In 2000 my family left New York and moved to Kansas for three years. Yesterday, the state with the magnificent motto, per aspera ad astra (“to the stars through difficulty”) was on my mind, for the Royals just won the World Series and my memory of Kauffman Stadium happens to be very clear. During the first game we attended there, Buck O’Neil – one of the great players on the Negro American League team, the Kansas City Monarchs – threw out the first ball. He died in 2006. By that time we had left Kansas.
We'd lived in Johnson County, right on the state line with Missouri and the most liberal county in the state. At the turn of the 21st century, this area was in the throes of residential and commercial development. Mega-churches and Walmart proliferated. Townhouses rose quickly on land where bales of hay were scattered . . . just the day before yesterday, it seemed. Evidently the development continued although corporations (like Sprint) did not deliver the jobs.

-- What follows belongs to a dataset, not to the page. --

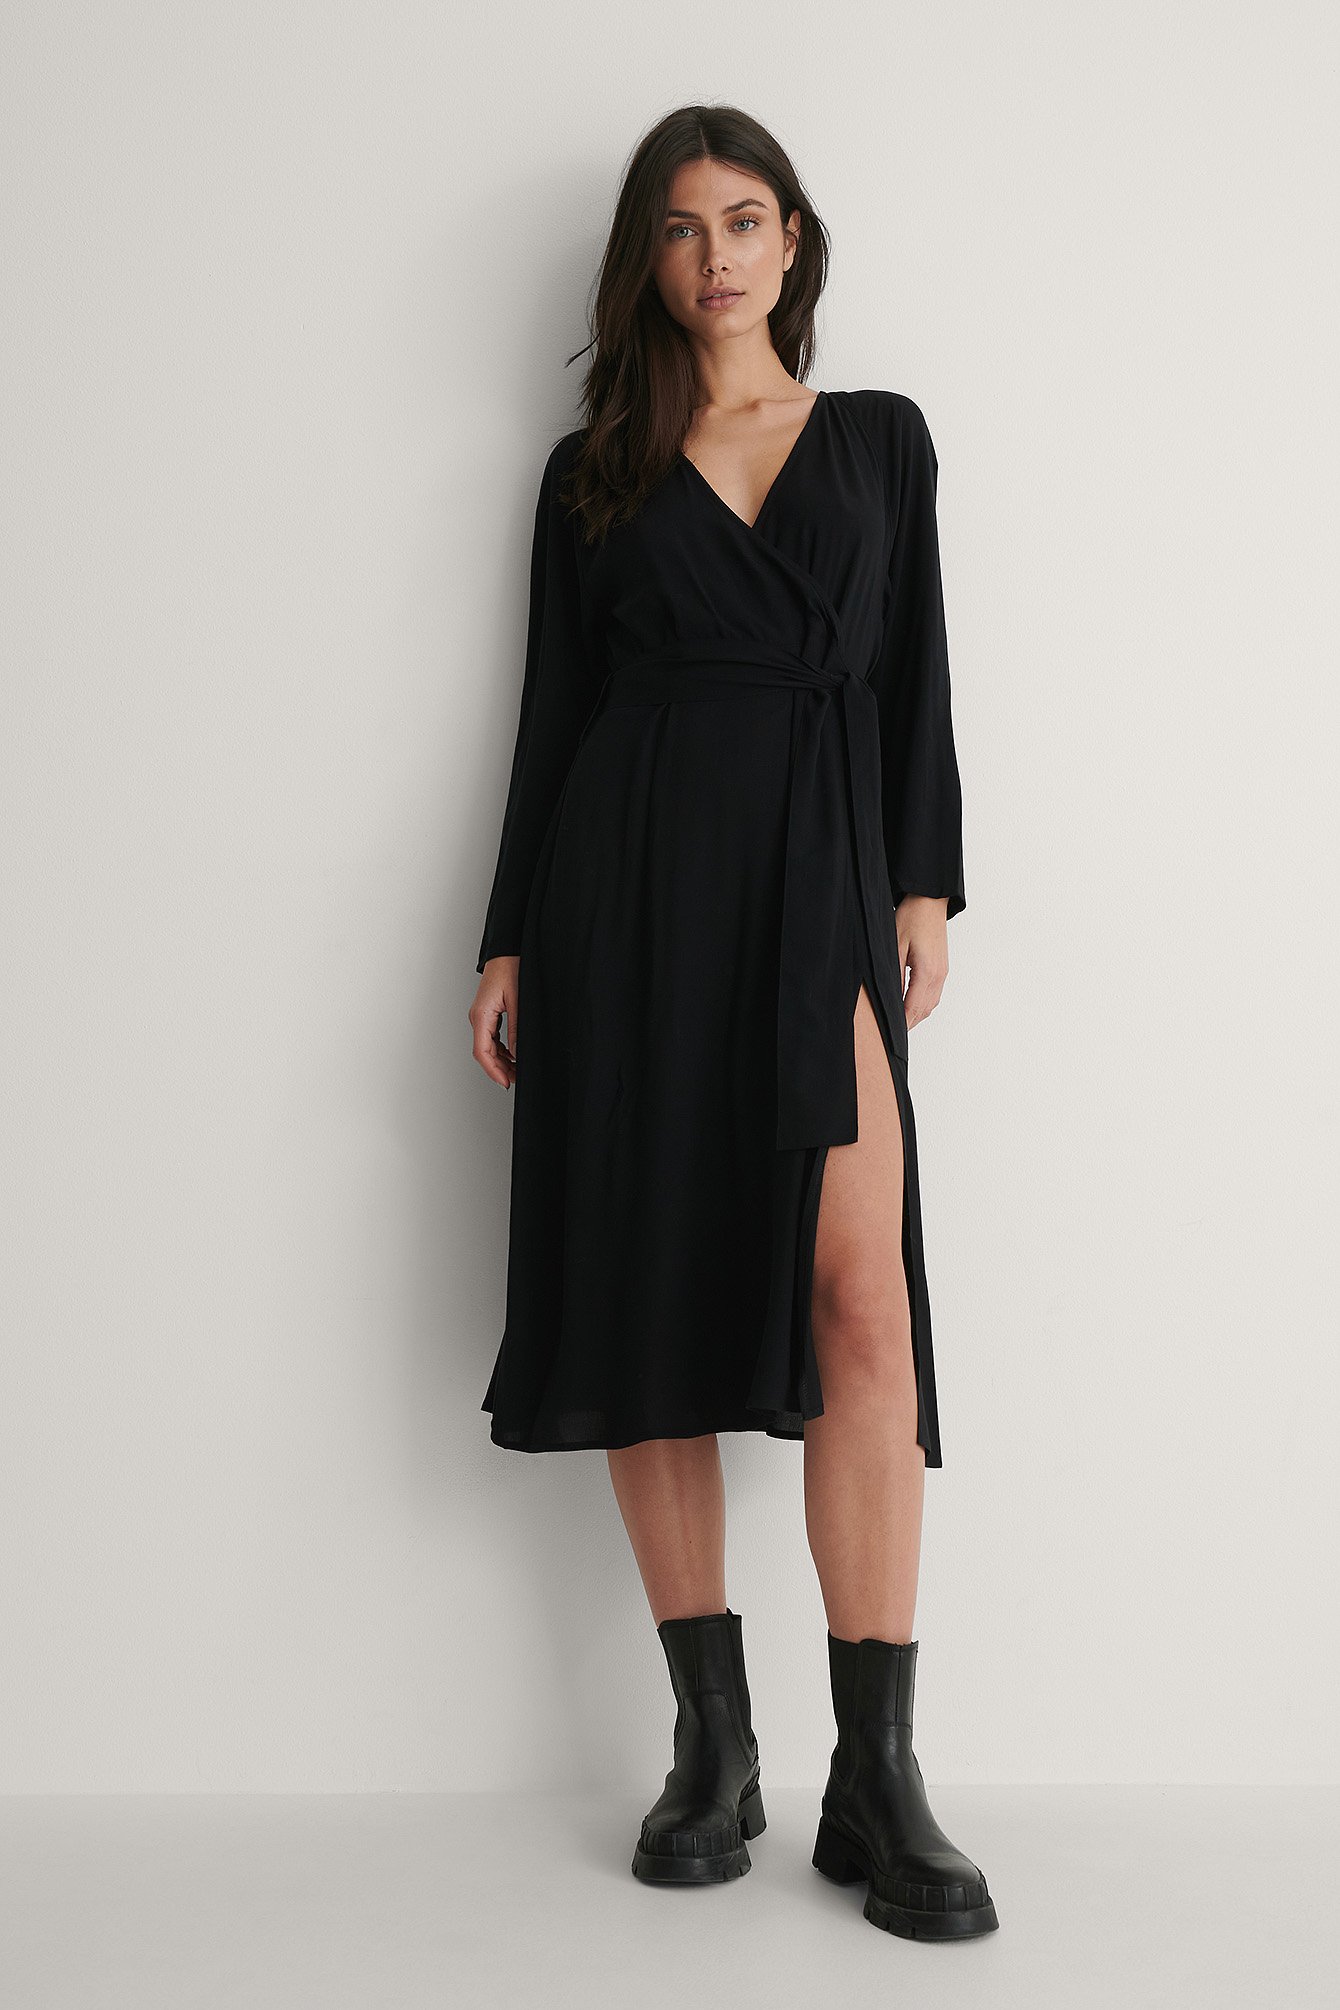 Black Long Sleeve Kimono Dress

As an Easterner, I was fascinated by the new five-lane asphalt roads heading south, dwindling to four lanes and then two lanes and ending in dirt roads that trailed off into towns that looked like 1913. Along one of those roads I snapped the photograph above. Someone planned a mansion but for whatever reason had started the construction with iron gates. I have often wondered what happened next.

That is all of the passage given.